Okay, got to comment on this. But I'll add my usual bit about dyslexia just in case it helps some nippers in the future.

Post war Secondary school. Teachers were cajoled, probably under threat of being sent back to the services, to teach us mud-covered scruffs.

No exam passes in anything whatsoever when kicked out at 14. My science teacher thought I was bright, but my written work was, well, utter bollox.

C&G one day a week for telly-mending got me nifty with a slide rule. About 21 YO started flying.

Flying was easy. IR scary, but only cos of the 50 quid a go stresses. 2nd bash on the CAFU Dove. Phew!

Now I was in the poo because the work, while not being that complex, was so extensive. Not many box-ticking exams then. Proper writing and big plotting and weather charts.

Struggled like hell but got there with picking up 'Partials'. Got a job hauling gear on a DC3.

Viscount. BAC 1-11. Technically easy - I could draw the entire electrics diagrammatic, but still couldn't spell, so had to be careful to whom I wrote what.

ALTP, OR ATPL. (I even had a SCPL) Was a breeze.

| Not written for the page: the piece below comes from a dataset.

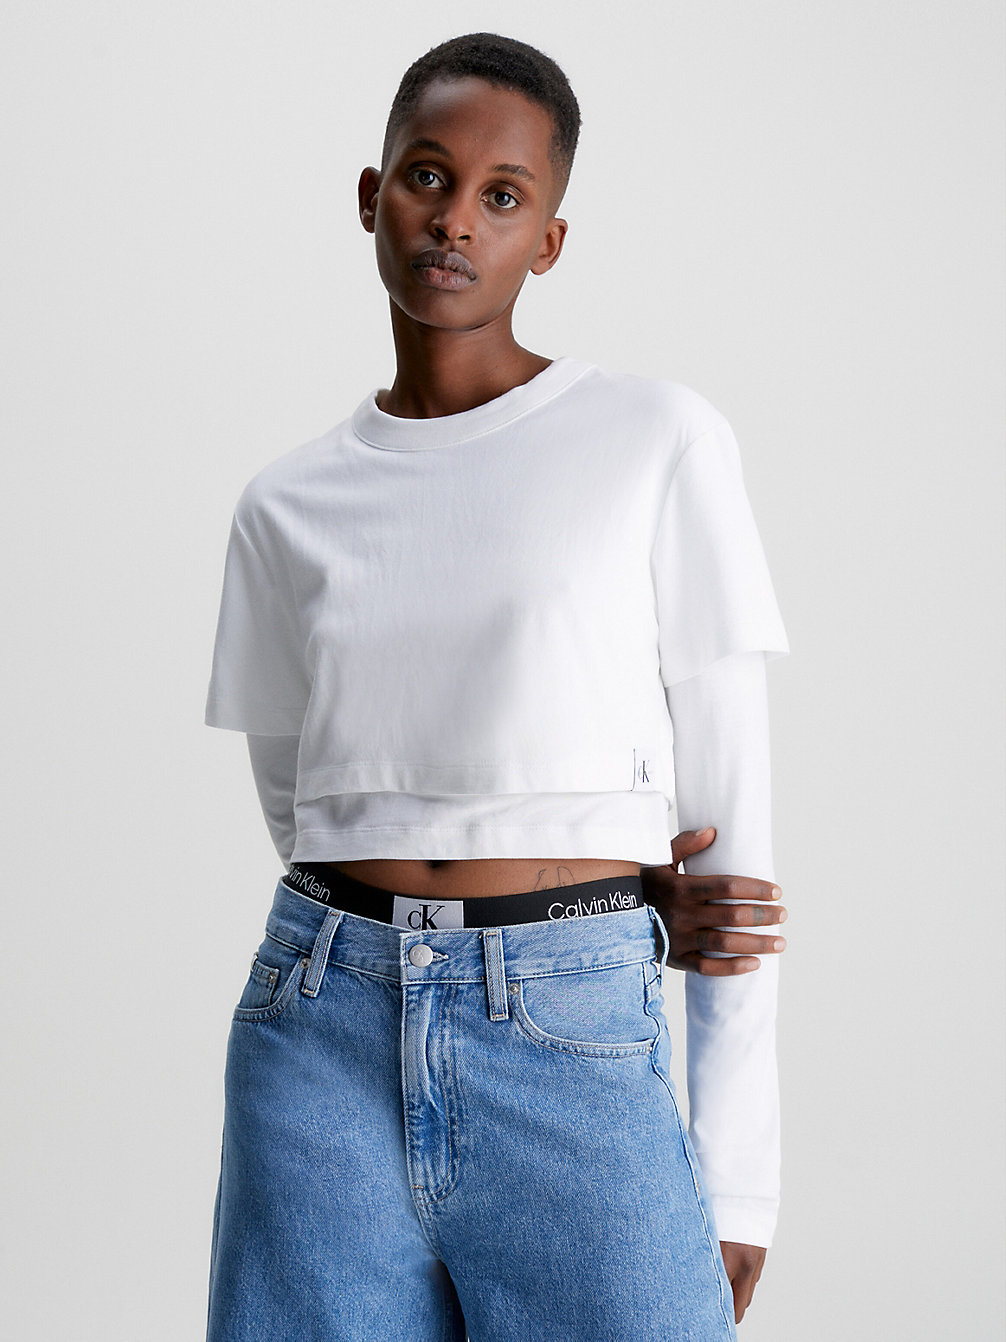 BRIGHT WHITE > Doppel-Layer Langärmliges T-Shirt > undefined Damen - Calvin Klein

I'd got the hang of exams by then and walked through everything except Radio Aids, cos I thought I knew everything about radio and therefore didn't study. They really hit us with Propagation that quarter, and masses failed. I couldn't remember a One-hop-E or a Heavyside anything. Knew how the aids worked but still just missed. Picked it up later.

America some years later. 6 hours to do the ATP. One hour, checked work and wrote a long note about why a performance question was wrong. (it really was wrong) I got everything but one question. I've always assumed it was that one cos computers answered the paper which I didn't know.

'twas a buggah, cos bloke at Boeing school in Dallas talking about the ATP said, 'And that's why no one ever gets 100%.'
That was a good while back. It's just possible, if I'd pushed the point, I might have been the first.


Okay, so that's the braggin' bit. But, I didn't qualify for BEA because of my schooling, and you may recall, I noticed the ad with the Trident on it, was for cabin Cleaners. I couldn't have got that job despite being able to fly a similar aircraft.

In fact, I didn't realise until I was old that I had something wrong with me. I always drove fast. Bikes and E-Types etc., all seemed to happen in slow motion. But asked to name a road. No chance. Just didn't register. The Rivetess used to cry with laughter at my letters. She learned to de-code them eventually.

Then there was the time in Shell Mex house. They'd got my passport and licence, and I'd got a form to fill in. I could not remember how to spell my first name. Buggah, that. Wiliam looked right, but so did William. I fudged it and no one gave a sh1t.

Years later I stopped eating cheese. For the first time in my life I could see a line of text across the screen. I started to learn to spell. (If I live to 100 I'll be fair) My brain could interpret the writing on a propeller while it was spinning, but ask me how many rings on a Captain's arm, and I wouldn't be able to tell - except it wasn't 2 or 3, which I could tell, so knew it must be 4. Any double letters, ll ss etc., were jazzing so much they never got learned. It was as though something in my brain was over-clocked like hell. I had no idea how different I was to normal people.

Instrument flying was totally relaxed, it was mostly text that caused the problem, though the parallel bars on gold stripes clearly didn't register properly. Again, those repeated parallel lines.

Now, here's the point. If you've got a kid who is not learning to spell normally, try cutting out anything with Tryptophan in it. Allow a month or so. To this day, if I eat cheese, it will affect me within a few hours - every time. I can't be the only one. Erm, can I?







.
..
.

Last edited by Loose rivets; 26th Aug 2017 at 15:53.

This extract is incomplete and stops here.